Il Tao della Fisica
“E’ probabilmente vero in linea di massima che della storia del pensiero umano gli sviluppi più
fruttuosi si verificano spesso ai punti d’intersezione tra due diverse linee di pensiero”.
Werner Heisenberg
Nella fisica moderna, con lo sviluppo della meccanica quantistica e della teoria della relatività,
l’universo appare come un tutt’uno dinamico, inseparabile, che comprende sempre l’osservatore in
modo essenziale; i concetti tradizionali di spazio e di tempo, di oggetti isolati, e di causa ed effetto
perdono il loro significato.

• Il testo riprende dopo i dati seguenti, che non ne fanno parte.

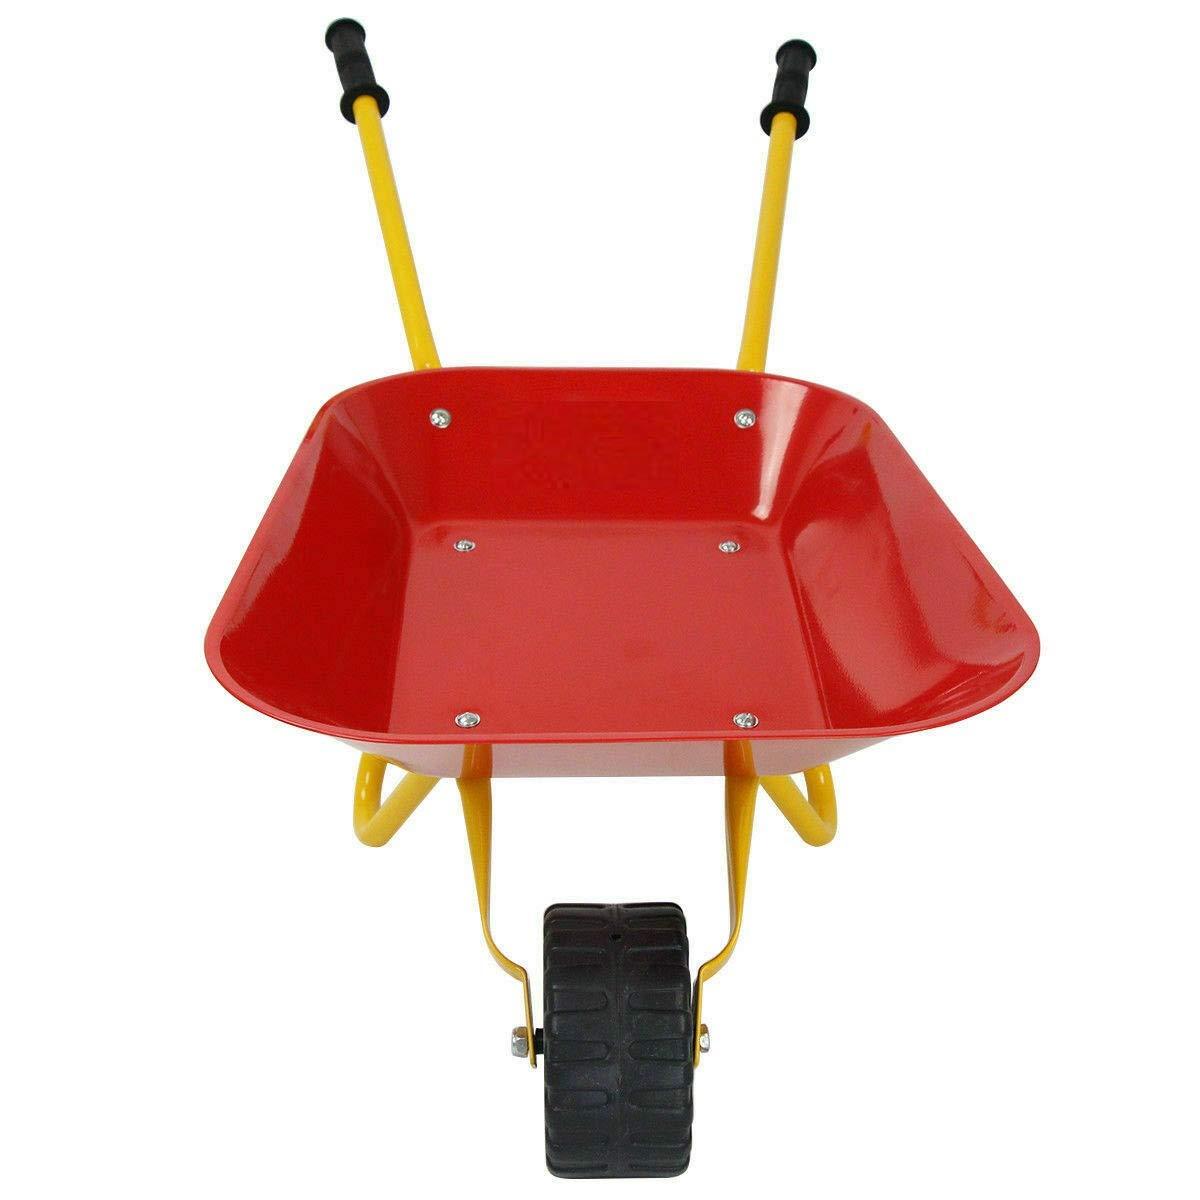 Heize best price Red Kids Metal Wheelbarrow Children's Size Outdoor Garden Backyard Play Toy by Heize best price (Image #6)
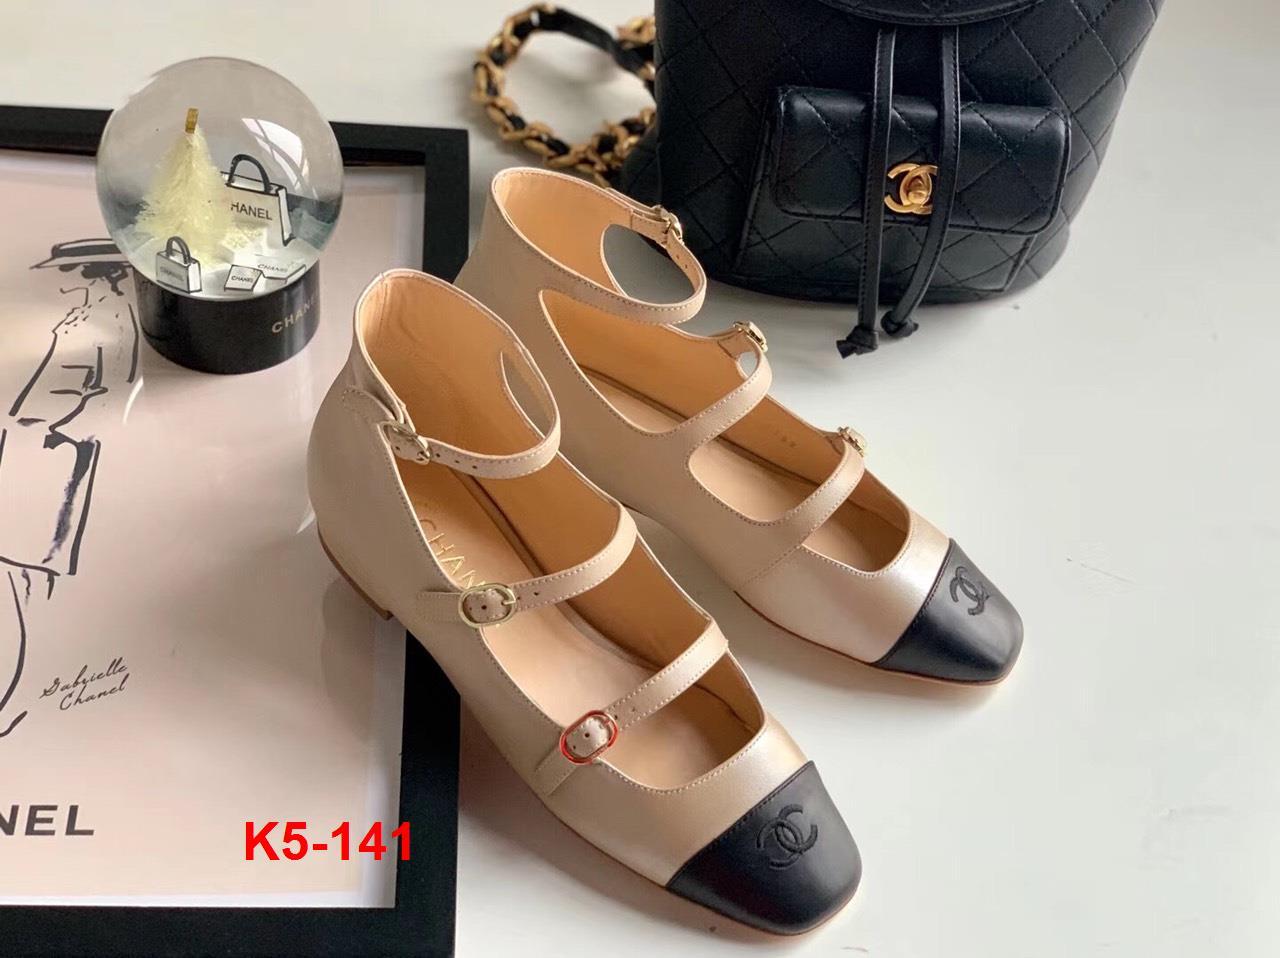 K5-141 Chanel sandal bệt siêu cấp

Questi cambiamenti, rispetto alla fisica classica, hanno aperto dibattiti e
discussioni nell’ambiente intellettuale, tra fisici e filosofi, che rare volte si sono resi conto
dell’apparente confluire di questi aspetti verso una visione del mondo molto simile alle concezioni
del misticismo orientale. Soprattutto, pare evidenti un rapporto tra le idee filosofiche contenute
nelle tradizioni dell’Estremo Oriente e la teoria dei quanti.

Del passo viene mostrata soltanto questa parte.